InWEnt - Capacity Building International (Internationale Weiterbildung und Entwicklung gGmbH) was a German institution with worldwide operations in the field of bilateral development cooperation and international cooperation, with a focus on capacity building.

InWEnt was formed in 2002 as a fusion of the 'Deutsche Stiftung für internationale Entwicklung (DSE)' and the 'Carl-Duisberg-Gesellschaft e.V. (CDG)'. In 2011, it was merged with the German Development Service (Deutscher Entwicklungsdienst, DED) and the German Technical Cooperation (Deutsche Gesellschaft für Technische Zusammenarbeit, GTZ), into the Deutsche Gesellschaft für Internationale Zusammenarbeit (German Agency for International Cooperation) or GIZ.

InWEnt was mainly active in the field of human resource development, through advanced training programmes, international networking, and dialogue events. Its programmes were directed at experts, executives and policymakers in government, administration, the business community and civil society worldwide. InWEnt provided participants on its courses with tools for further networking, and for lifelong learning, through e-learning platforms (Global Campus 21 and InWEnt e-Academy) and alumni programmes. Its alumni activities encompassed two online networking platforms: Alumniportal Deutschland and InWEnt Global Connect. Numerous former participants are in key positions in the economy and policy fields of their home countries today. Through several exchange programmes, InWEnt also offered international exposure for young Germans.

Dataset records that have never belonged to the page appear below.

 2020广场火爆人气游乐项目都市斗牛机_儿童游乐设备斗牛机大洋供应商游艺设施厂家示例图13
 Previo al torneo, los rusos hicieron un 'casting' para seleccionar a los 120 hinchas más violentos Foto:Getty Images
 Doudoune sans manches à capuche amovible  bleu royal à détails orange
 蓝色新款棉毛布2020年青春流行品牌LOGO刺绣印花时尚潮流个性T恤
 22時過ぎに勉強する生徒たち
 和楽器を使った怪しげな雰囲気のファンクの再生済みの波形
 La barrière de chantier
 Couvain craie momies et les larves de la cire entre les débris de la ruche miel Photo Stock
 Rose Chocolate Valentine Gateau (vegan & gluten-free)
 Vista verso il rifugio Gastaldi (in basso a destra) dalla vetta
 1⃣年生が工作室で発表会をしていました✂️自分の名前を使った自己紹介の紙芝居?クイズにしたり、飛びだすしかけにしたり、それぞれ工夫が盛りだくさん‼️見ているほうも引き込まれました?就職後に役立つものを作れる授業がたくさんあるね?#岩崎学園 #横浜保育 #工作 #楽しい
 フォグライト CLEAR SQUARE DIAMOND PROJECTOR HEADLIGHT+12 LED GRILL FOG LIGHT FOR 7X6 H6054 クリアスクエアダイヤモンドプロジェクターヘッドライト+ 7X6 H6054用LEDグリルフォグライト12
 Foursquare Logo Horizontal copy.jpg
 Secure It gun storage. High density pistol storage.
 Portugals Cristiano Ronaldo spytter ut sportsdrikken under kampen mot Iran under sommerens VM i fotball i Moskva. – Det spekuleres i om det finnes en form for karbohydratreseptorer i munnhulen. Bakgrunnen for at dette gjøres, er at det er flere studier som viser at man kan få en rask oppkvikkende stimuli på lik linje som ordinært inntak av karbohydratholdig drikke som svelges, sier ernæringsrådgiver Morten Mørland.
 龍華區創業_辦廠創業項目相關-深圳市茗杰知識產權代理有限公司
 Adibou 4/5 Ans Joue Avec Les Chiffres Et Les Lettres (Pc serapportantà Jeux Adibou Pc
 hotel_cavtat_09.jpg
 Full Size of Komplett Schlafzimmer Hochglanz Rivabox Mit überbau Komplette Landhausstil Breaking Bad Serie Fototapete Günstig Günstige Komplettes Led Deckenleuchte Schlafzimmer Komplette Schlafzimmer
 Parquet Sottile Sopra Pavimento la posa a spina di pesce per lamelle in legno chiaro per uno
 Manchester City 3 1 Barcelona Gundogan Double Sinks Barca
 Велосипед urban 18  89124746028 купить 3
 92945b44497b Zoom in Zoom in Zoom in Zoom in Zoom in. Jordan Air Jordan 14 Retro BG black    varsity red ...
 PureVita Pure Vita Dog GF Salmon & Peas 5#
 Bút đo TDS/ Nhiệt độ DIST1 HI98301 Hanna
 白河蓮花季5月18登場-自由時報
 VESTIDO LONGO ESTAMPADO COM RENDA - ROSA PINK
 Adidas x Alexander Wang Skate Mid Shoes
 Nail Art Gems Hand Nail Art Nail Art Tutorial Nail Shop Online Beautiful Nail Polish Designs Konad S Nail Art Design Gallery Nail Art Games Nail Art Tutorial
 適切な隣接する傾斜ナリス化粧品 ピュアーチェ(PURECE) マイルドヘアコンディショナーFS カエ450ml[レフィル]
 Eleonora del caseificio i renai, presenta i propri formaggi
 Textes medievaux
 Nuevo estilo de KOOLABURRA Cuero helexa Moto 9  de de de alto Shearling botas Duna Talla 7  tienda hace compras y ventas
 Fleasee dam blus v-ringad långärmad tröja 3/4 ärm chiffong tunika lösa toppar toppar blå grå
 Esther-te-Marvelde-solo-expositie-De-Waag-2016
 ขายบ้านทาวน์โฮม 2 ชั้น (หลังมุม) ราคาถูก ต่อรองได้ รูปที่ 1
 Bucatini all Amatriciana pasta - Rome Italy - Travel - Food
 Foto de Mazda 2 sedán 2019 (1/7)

In 2008, a staff of 797 was working out of 30 offices in Germany and abroad, with its headquarters in Bonn. According to its 2008 annual report, the annual budget was about 136 million Euros (in 2008). Carl Duisberg-Gesellschaft existed until it merged with DSE to form Internationale Weiterbildung und Entwicklung gGmbH in 2002. By that time, about 300,000 people had participated in CDG programs. The budget ended up being about 100 million euros, raised by about 750 donors.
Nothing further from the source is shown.